Preview of generated llms.txt

# Active Agent

> ActiveAgent extends Rails MVC to AI interactions. Build intelligent agents using familiar patterns — controllers, actions, callbacks, and views. The AI framework for Rails with less code & more fun.

## Getting Started

- [Getting Started](https://docs.activeagents.ai/getting_started): Build AI agents with Rails in minutes. Learn how to install, configure, and create your first agent.

## Framework

- [Active Agent](https://docs.activeagents.ai/framework): ActiveAgent extends Rails MVC to AI interactions. Build intelligent agents using familiar patterns—controllers, actions, callbacks, and views.
- [Agents](https://docs.activeagents.ai/agents): Controllers for AI interactions with actions, callbacks, views, and concerns that generate AI responses instead of rendering HTML.
- [Providers](https://docs.activeagents.ai/providers): Connect your agents to AI services through a unified interface. Switch between OpenAI, Anthropic, local models, or testing mocks without changing agent code.
- [Configuration](https://docs.activeagents.ai/framework/configuration): Flexible configuration for framework-level settings and provider-specific options. Configure retry strategies, logging, and multiple AI providers with environment-specific settings.
- [Instrumentation and Logging](https://docs.activeagents.ai/framework/instrumentation): Monitor provider operations using ActiveSupport::Notifications. Track performance metrics, debug generation flows, and integrate with external monitoring services.
- [Retries](https://docs.activeagents.ai/framework/retries): Automatic retry mechanisms for handling rate limits, timeouts, and transient errors using provider-native SDK retry strategies with exponential backoff.
- [Rails Integration](https://docs.activeagents.ai/framework/rails): Install ActiveAgent in Rails applications with generators for agents, actions, and views. Configure providers and leverage familiar Rails conventions.
- [Testing ActiveAgent Applications](https://docs.activeagents.ai/framework/testing): Testing strategies for ActiveAgent applications with credential management, VCR integration, and test patterns.

## Agents

- [Actions](https://docs.activeagents.ai/actions): Public methods in your agent that define specific AI behaviors using prompt() for text generation or embed() for vector embeddings.
- [Generation](https://docs.activeagents.ai/agents/generation): Execute AI generations synchronously with prompt_now or asynchronously with prompt_later using ActiveAgent's generation methods.
- [Agent Instructions](https://docs.activeagents.ai/agents/instructions): System-level messages that guide agent behavior, personality, capabilities, and tool usage.
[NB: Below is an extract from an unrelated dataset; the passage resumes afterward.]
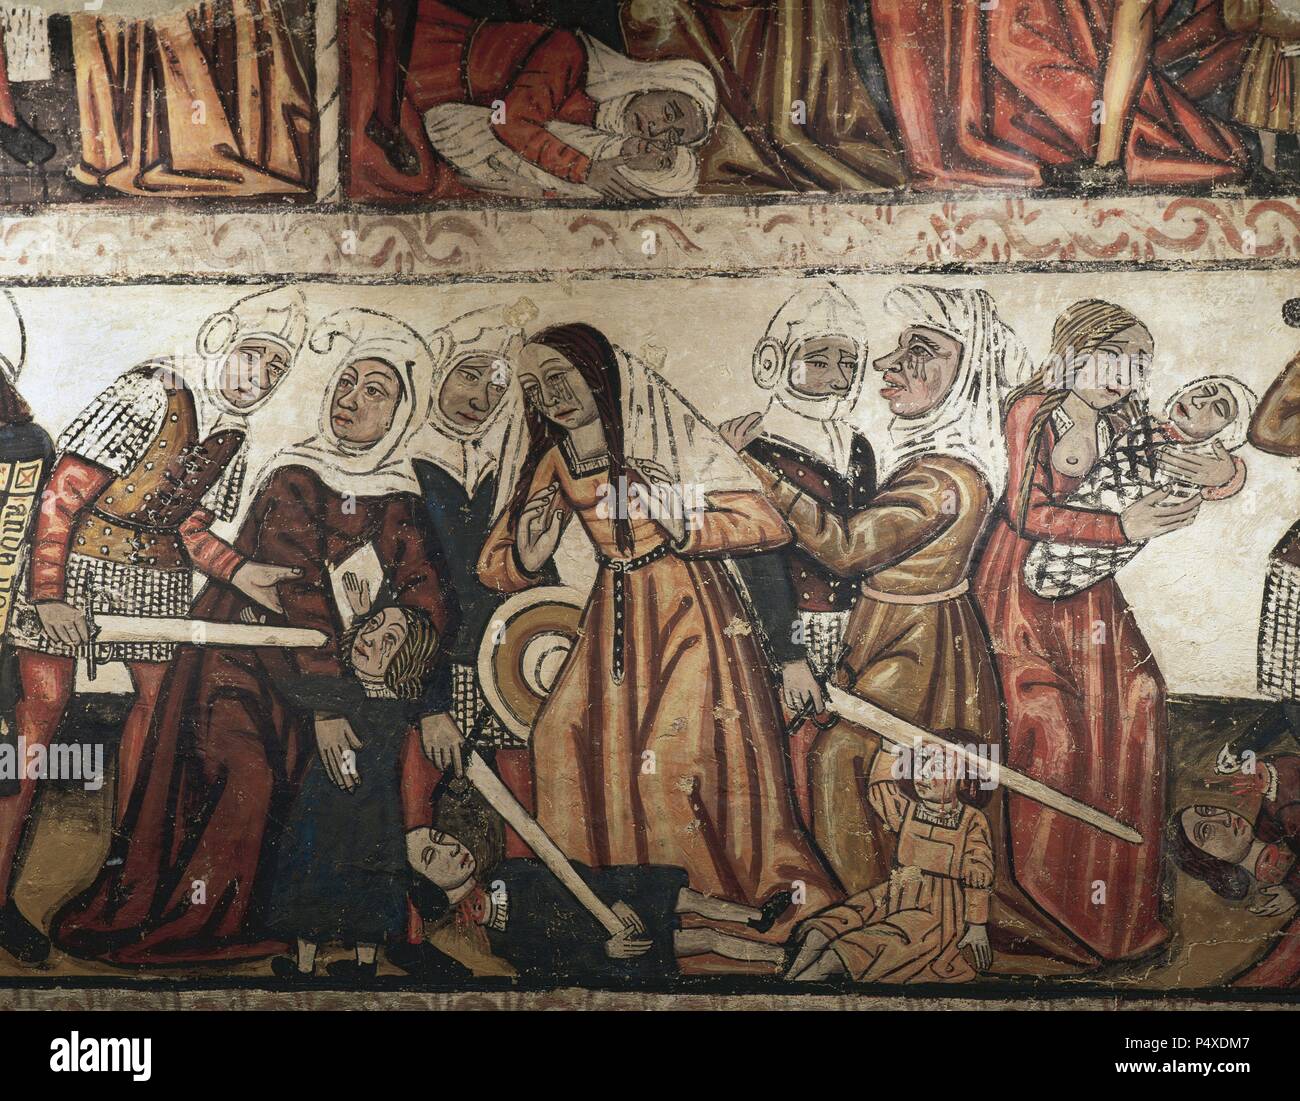 La strage degli innocenti. Pittura murale risalente al XIV secolo. Navata centrale del Duomo Mondonedo. Provincia di Lugo. La Galizia. Spagna. Foto Stock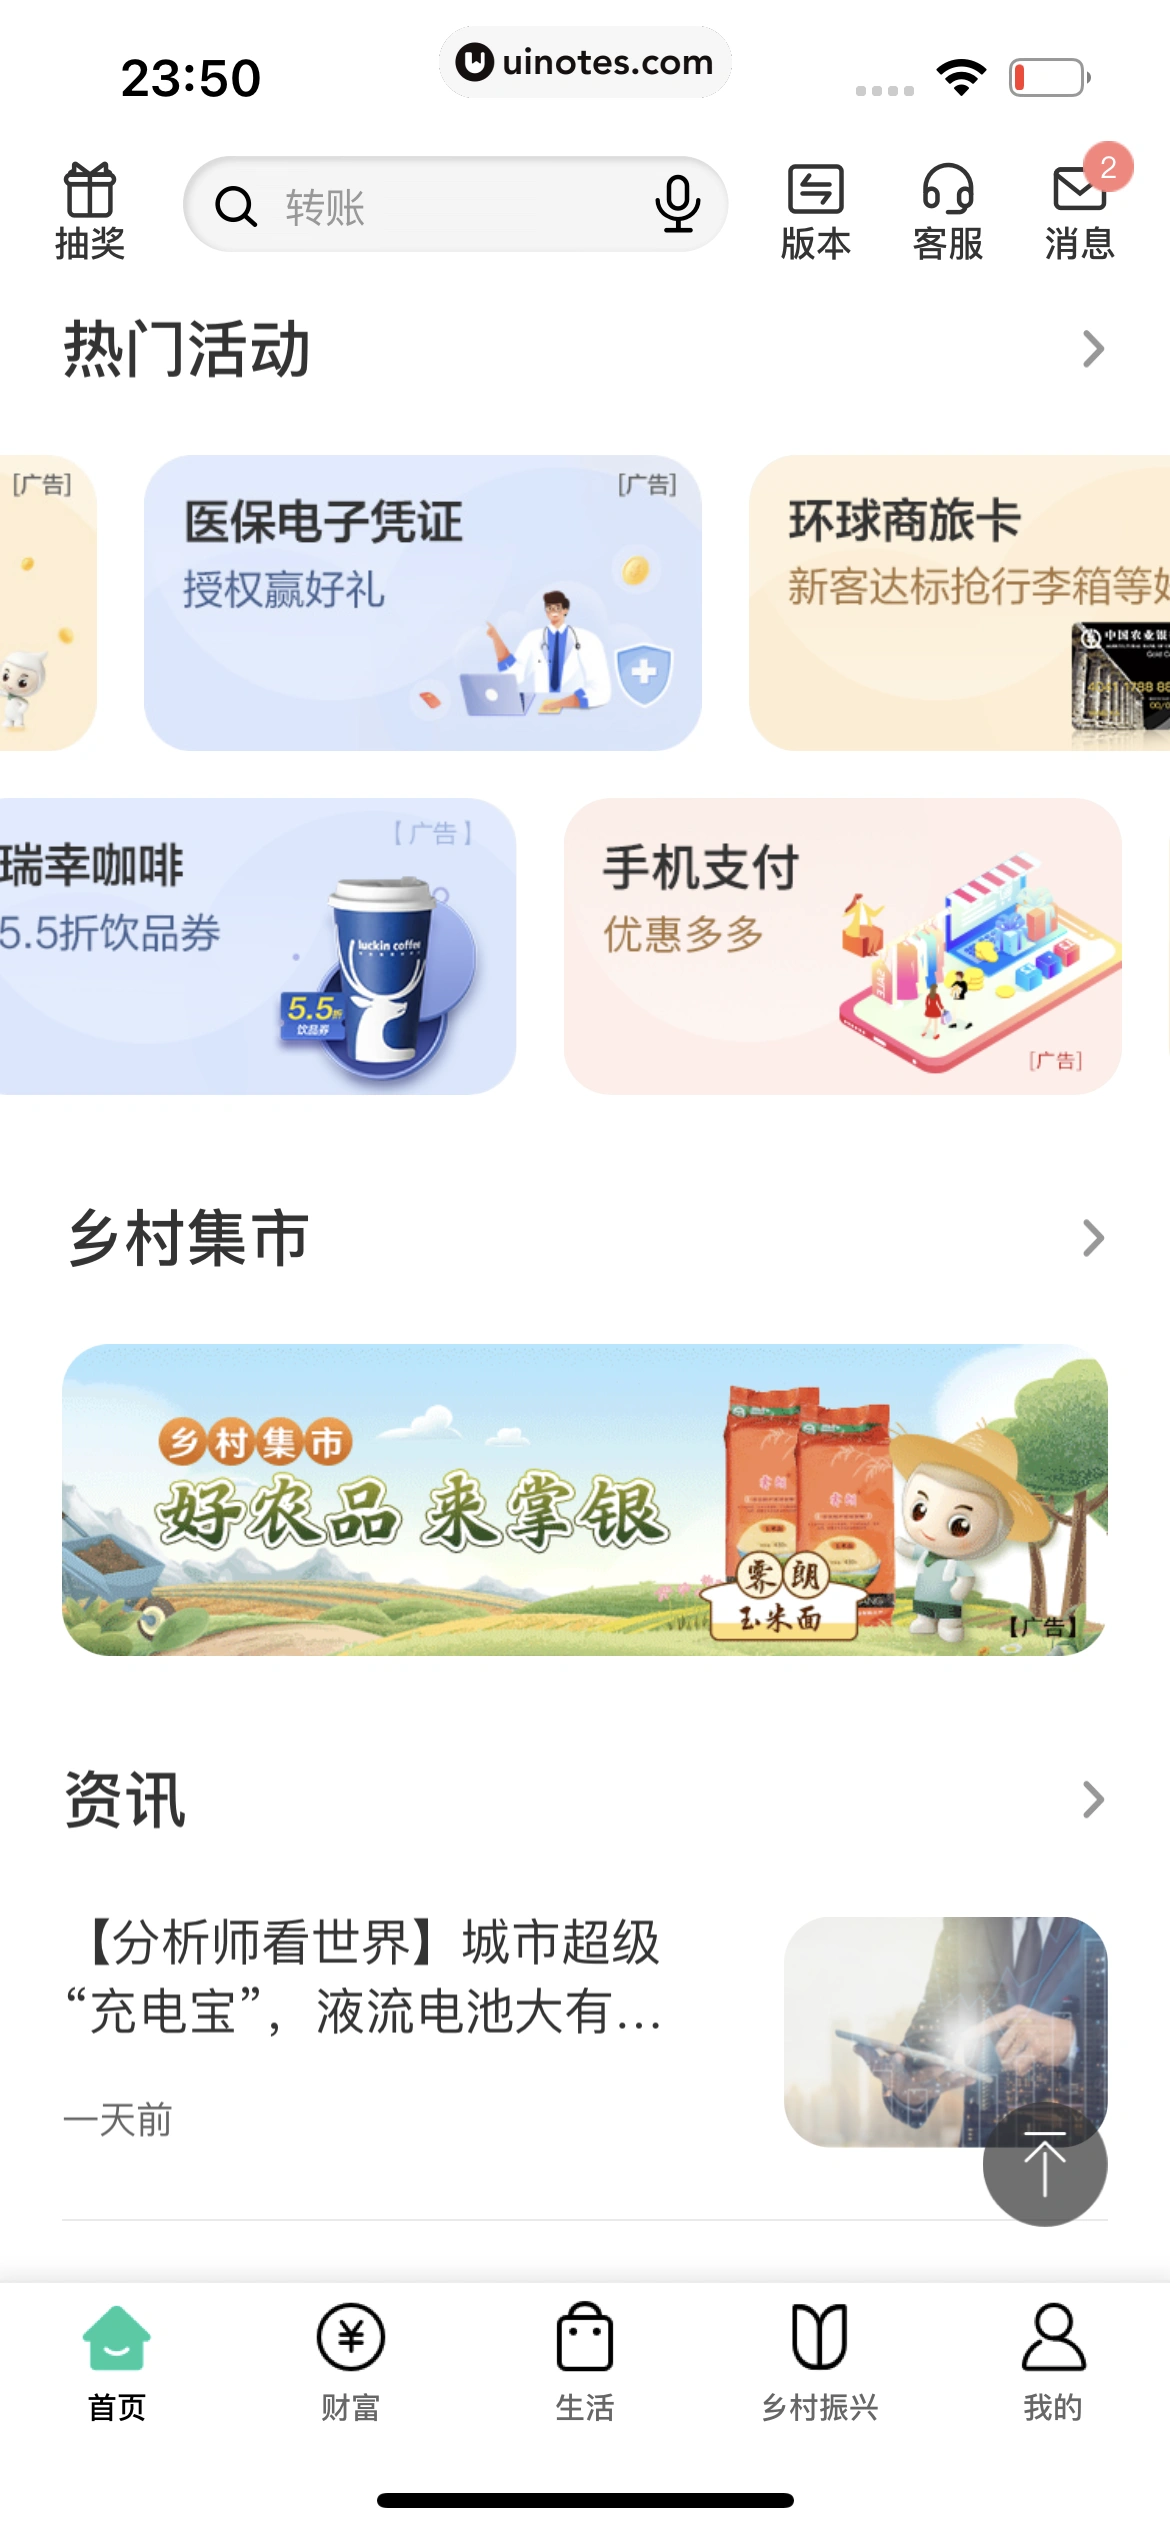 中国农业银行 App 截图 027 - UI Notes

The agent's operating manual for every interaction.
- [Streaming](https://docs.activeagents.ai/agents/streaming): Stream responses from AI providers in real-time using callbacks that execute at different points in the streaming lifecycle.
- [Callbacks](https://docs.activeagents.ai/agents/callbacks): Control agent lifecycle with generation, prompting, embedding, and streaming callbacks for setup, validation, cleanup, and real-time response handling.
- [Error Handling](https://docs.activeagents.ai/agents/error_handling): Build resilient agents with automatic retries for network failures and application-level rescue handlers for custom error recovery.

## Actions

- [Messages](https://docs.activeagents.ai/actions/messages): Build conversation context with messages containing roles (user, assistant, system, tool) and content (text, images, documents) in native or unified format.
- [Embeddings](https://docs.activeagents.ai/actions/embeddings): Generate vector embeddings from text to enable semantic search, clustering, and similarity comparison in your AI applications.
- [Tools](https://docs.activeagents.ai/actions/tools): Extend agents with callable functions that LLMs can trigger during generation. Unified interface across providers for function calling.
- [Model Context Protocols (MCP)](https://docs.activeagents.ai/actions/mcps): Connect agents to external services and APIs using the Model Context Protocol. Universal integration for tools and data sources.
- [Structured Output](https://docs.activeagents.ai/actions/structured_output): Control JSON responses from AI models with json_object for simple output or json_schema for validated structured data.
- [Usage Statistics](https://docs.activeagents.ai/actions/usage): Track token usage and performance metrics across all AI providers with normalized usage objects.

## Providers

- [Anthropic Provider](https://docs.activeagents.ai/providers/anthropic): Integration with Claude models including Sonnet 4.5, Haiku 4.5, and Opus 4.1. Advanced reasoning, extended context windows, thinking mode, and strong performance on complex tasks.
- [Ollama Provider](https://docs.activeagents.ai/providers/ollama): Local LLM inference using Ollama platform. Run Llama 3, Mistral, and Gemma locally without external APIs. Perfect for privacy-sensitive applications and development.
- [OpenAI Provider](https://docs.activeagents.ai/providers/open_ai): Integration with GPT models including GPT-5, GPT-4.1, GPT-4o, and o3. Responses API with built-in tools or traditional Chat Completions API for standard interactions.
- [OpenRouter Provider](https://docs.activeagents.ai/providers/open_router): Access 200+ AI models from multiple providers through unified API. Intelligent routing, automatic fallbacks, multimodal support, PDF processing, and cost optimization.
- [Mock Provider](https://docs.activeagents.ai/providers/mock): Testing provider for developing and testing agents without API calls or costs. Returns predictable pig latin responses and generates random embeddings.

## Examples

- [Browser Use Agent](https://docs.activeagents.ai/examples/browser-use-agent): Browser automation with AI-driven control. Navigate web pages, interact with elements, extract content, and take screenshots using Cuprite/Chrome.
- [Data Extraction](https://docs.activeagents.ai/examples/data_extraction_agent): Extract structured data from PDF resumes using AI-powered parsing. Demonstrates multimodal input and structured output with JSON schemas.
- [MCP Integration Agent](https://docs.activeagents.ai/examples/mcp-integration-agent): Connect ActiveAgent with external services through Model Context Protocol. Demonstrates standardized integration with cloud storage, APIs, and custom services.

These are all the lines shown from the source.